If you like Italian sci-fi, with its shiny, phony plastic miniatures and sprawling Cinecitta studio sets, this is one of the best, with unbelievable black leather fashions with yellow piping and headhugging skull caps. Though never particularly scary, Bava has a cool way with the alien eerieness of it all and ramps up the atmosphere in two stand-out scenes: the buried dead pushing back their steel slabs, sloughing off their plastic wrap, and rising from the grave in an interstellar take on the classic vampire resurrection; and an ancient shipwreck where the enormous skeletons of alien creatures look suspiciously like the grandfathers of Ridley Scott’s Alien.

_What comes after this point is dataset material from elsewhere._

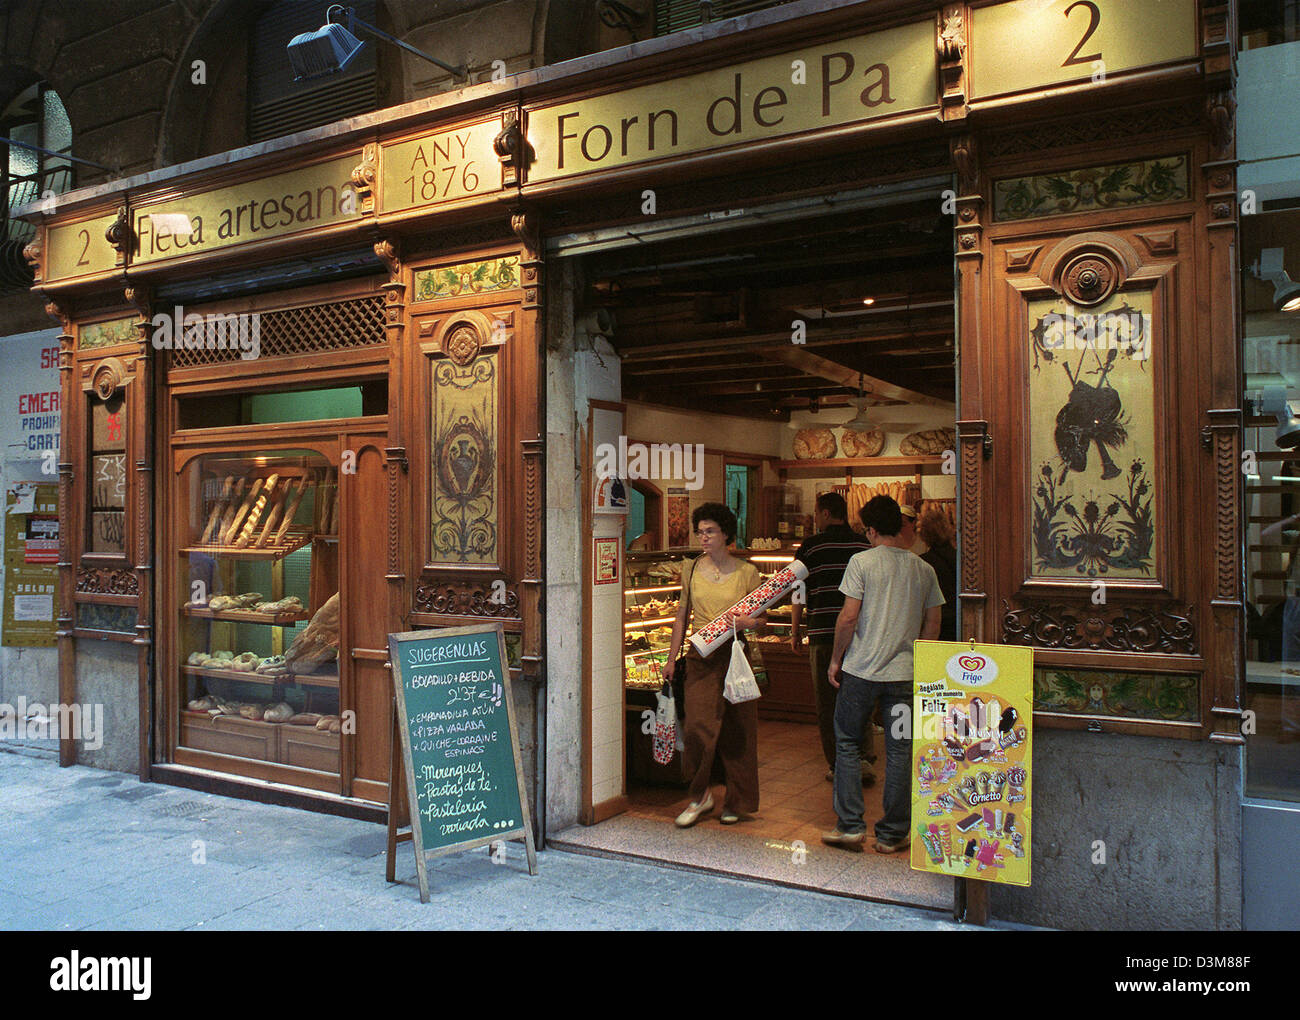 Archivo de datos (DPA) - La fotografía muestra una panadería con una fachada histórica en la calle Elisabets, en la esquina de la Rambla de Canaletes, en Barcelona, España, 13 de junio de 2002. Foto: Thorsten Lang Foto de stock
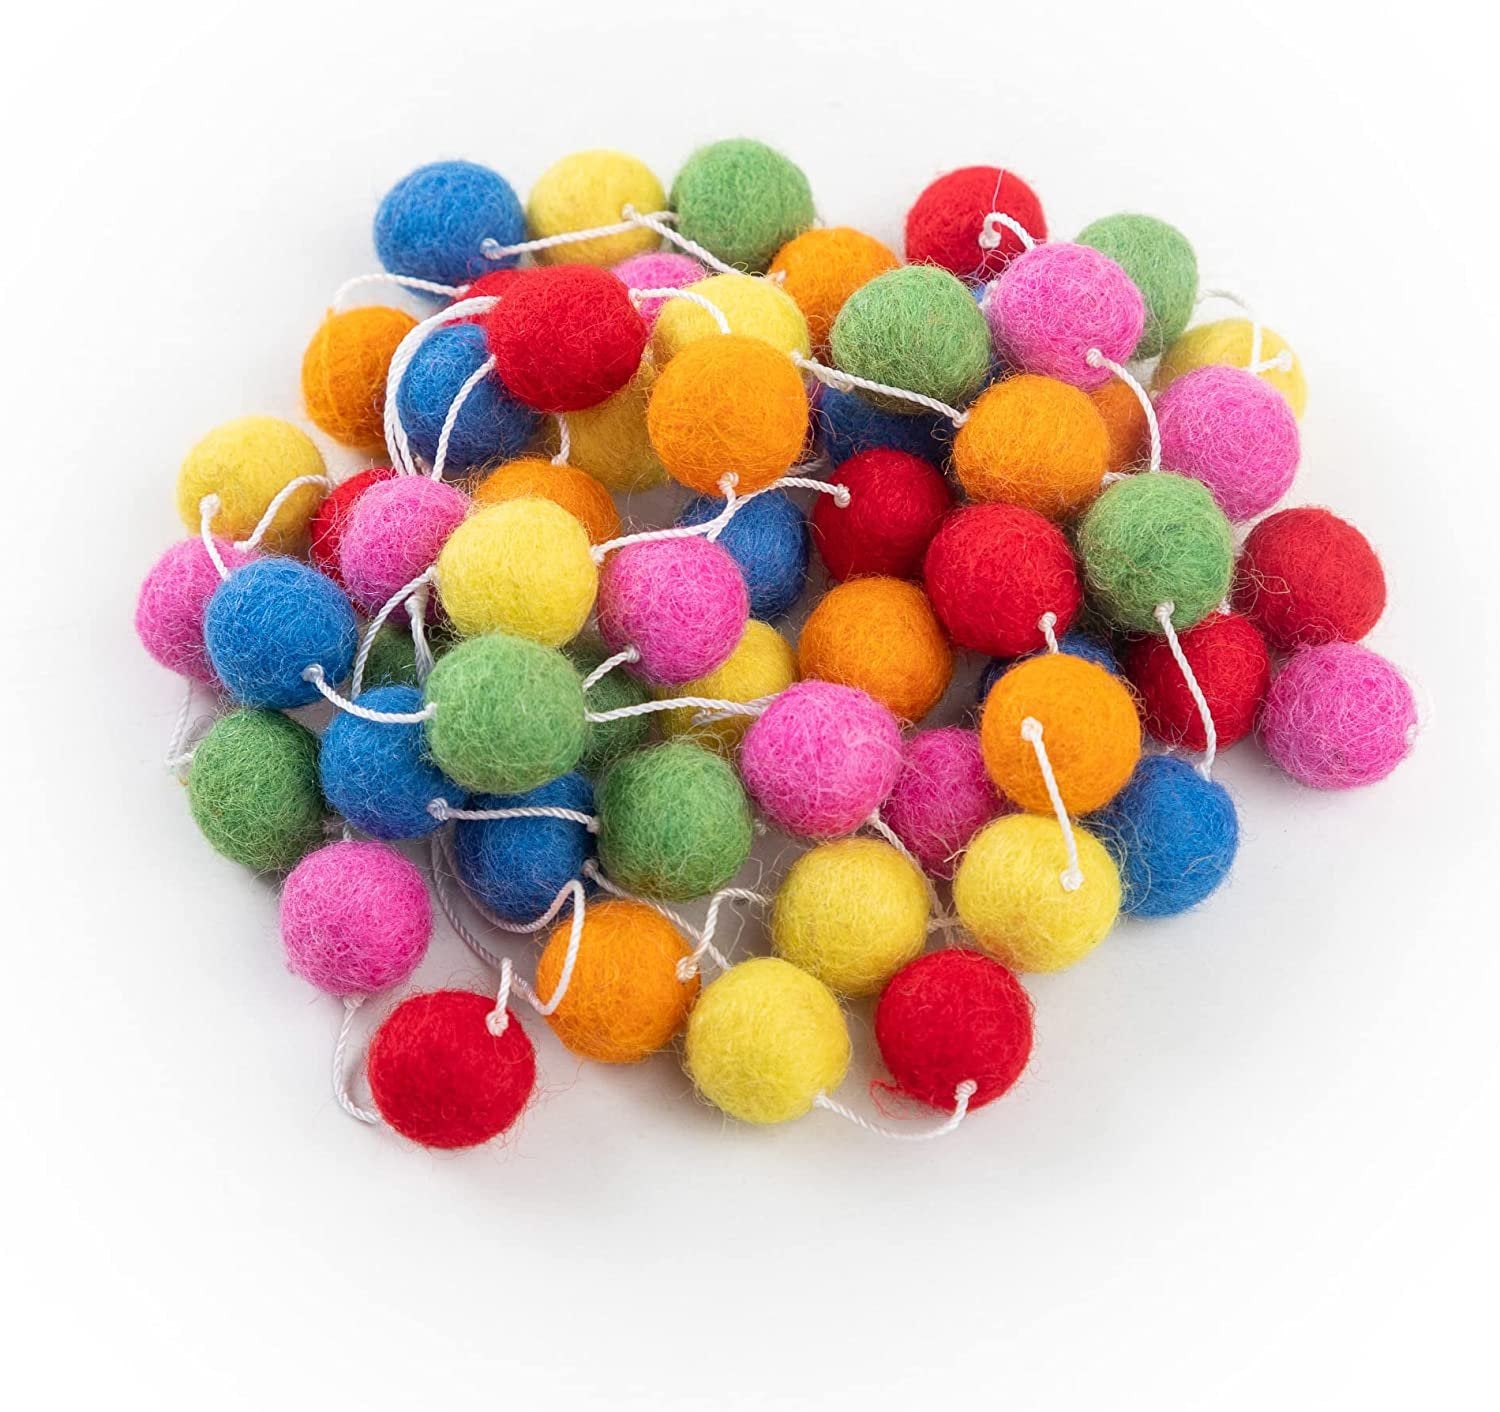 A playful garland strung with large, fluffy felt balls.

Sullivan is the sole American in an otherwise Italian cast, who are dubbed into English with the usual quick and dirty flatness (at least Sullivan dubs his own English lines). The film was cut for American release but a decade or so ago MGM producers, working from the original Italian elements, managed to restore lost shots and scenes while working around missing dialogue. It’s not a “pure” restoration, but the loving and respectful effort makes it the most complete available.

Queue it up on FilmStruck

Also on Blu-ray and DVD and on SVOD through Amazon Video, iTunes, GooglePlay and/or other services. Availability may vary by service.
Planet of the Vampires [Blu-ray]
Planet of the Vampires [DVD]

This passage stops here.